Understanding std.Io - Proposal for a high-performance implementation

mutech · April 10, 2026, 3:31pm

My Context:

I’m working on a messaging platform that’s focused on low latency, high throughput and scalability (which one is not…).

The platform receives messages and forwards them (mostly unchanged) as a result of routing based on a subject tree. Very similar to what NATS does.

To get optimal performance, several serial performance killers need to be avoided/mitigated:

system calls (batch/avoid/gather/scatter in dedicated threads)
memory copies (reuse input buffers, gather IO)
memory allocations (reuse buffers, allocate before need, keep dedicated IO buffers w/ short life time)
cache failures: minimize the data on which a core/thread operates, sticky threads

Our current strategy is to io-uring, have a dedicated IO thread receiving IO jobs via MSG_RING, and deliver results back to caller. If IO thread becomes a bottleneck, it can be scaled up. Non-IO related syscalls can be dispatched to IO or dedicated syscaller-threads, handled like IO.

At this stage, all the remaining tasks are pure compute, no IO, no syscalls, just syscall-free message passing. These compute tasks can now be optimized for caching. E.g. N worker threads receive and process messages for sharded clients, chatty clients get high prio-threads with smaller shards, etc.

std.Io:
I believe most of this should already work with std.Io, with the exception of a dedicated IO thread and a lack of way to express where compute actions should run.

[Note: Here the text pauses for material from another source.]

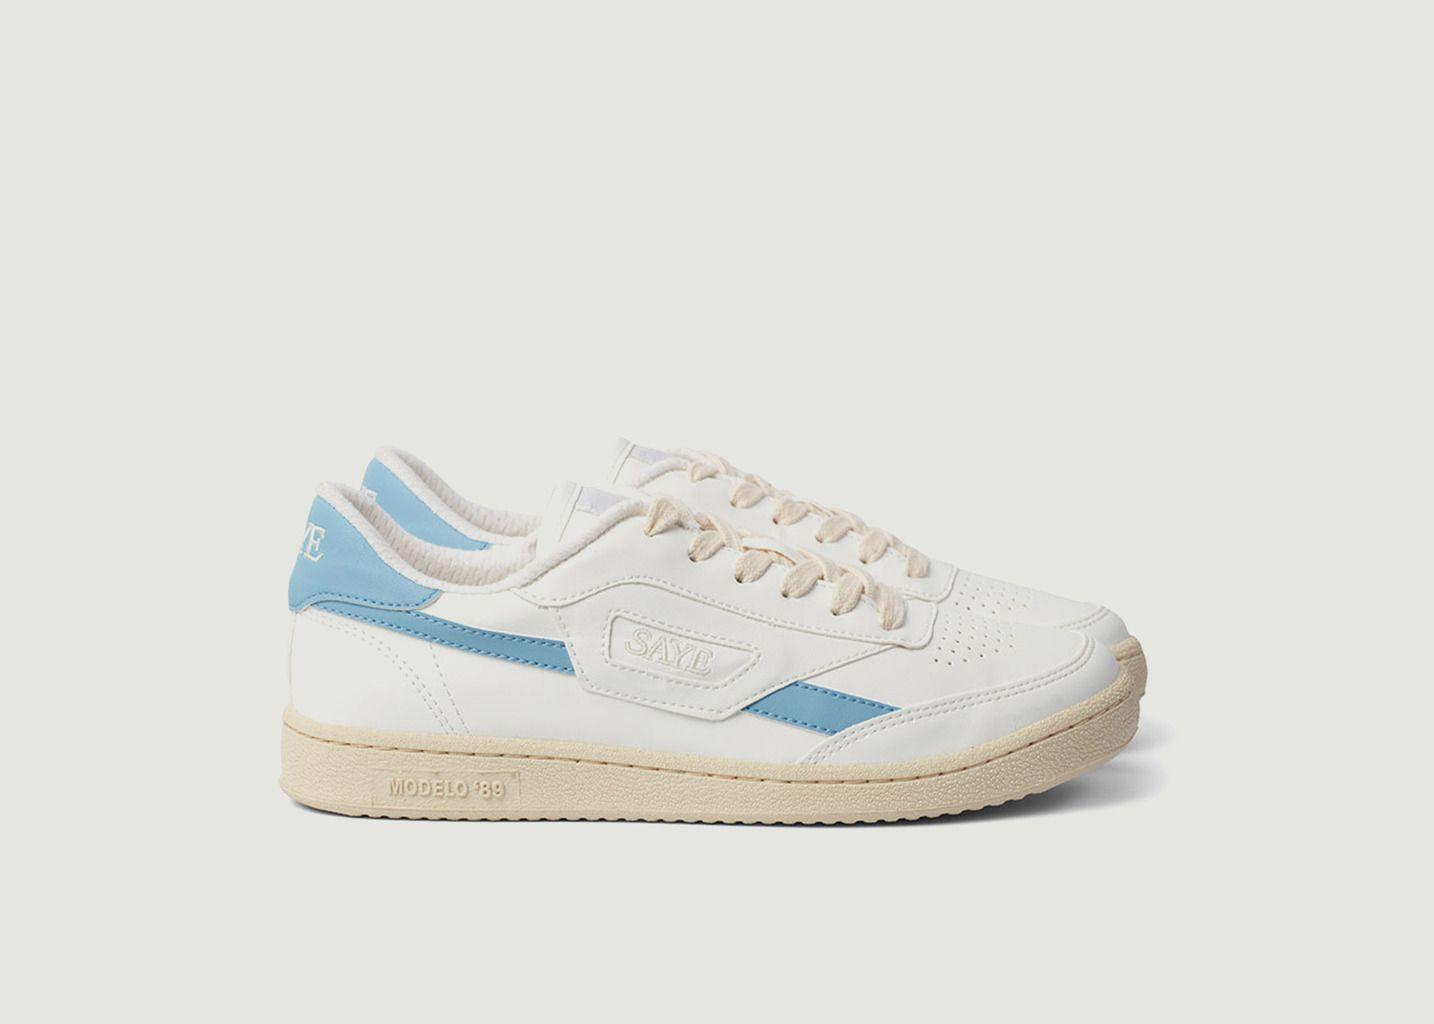 Baskets Modelo 89' azul - Saye

The current std.Io implementation I saw also behave differently from how I expected: The uring implementation creates fibers for everything. If I run any IO (blocking or async), a fiber gets created. That’s probably owed to the fact that the code is new and not yet optimized. I also saw no infrastructure to control where and how compute should run, as fiber in the same thread or in a separate one.

My understanding of blocking/async/concurrent:
- std.Io., when called without async should (or can) run blocking.

std.Io.async(action…) should dispatch the action. To receive a result later, the current workflow needs to be or become a fiber. Currently it seems like every action dispatch creates a new fiber, which is too expensive (if true). Worse, the fiber created is also dispatched to a thread pool, even if the results are collected in a group and only a single code path awaits the results.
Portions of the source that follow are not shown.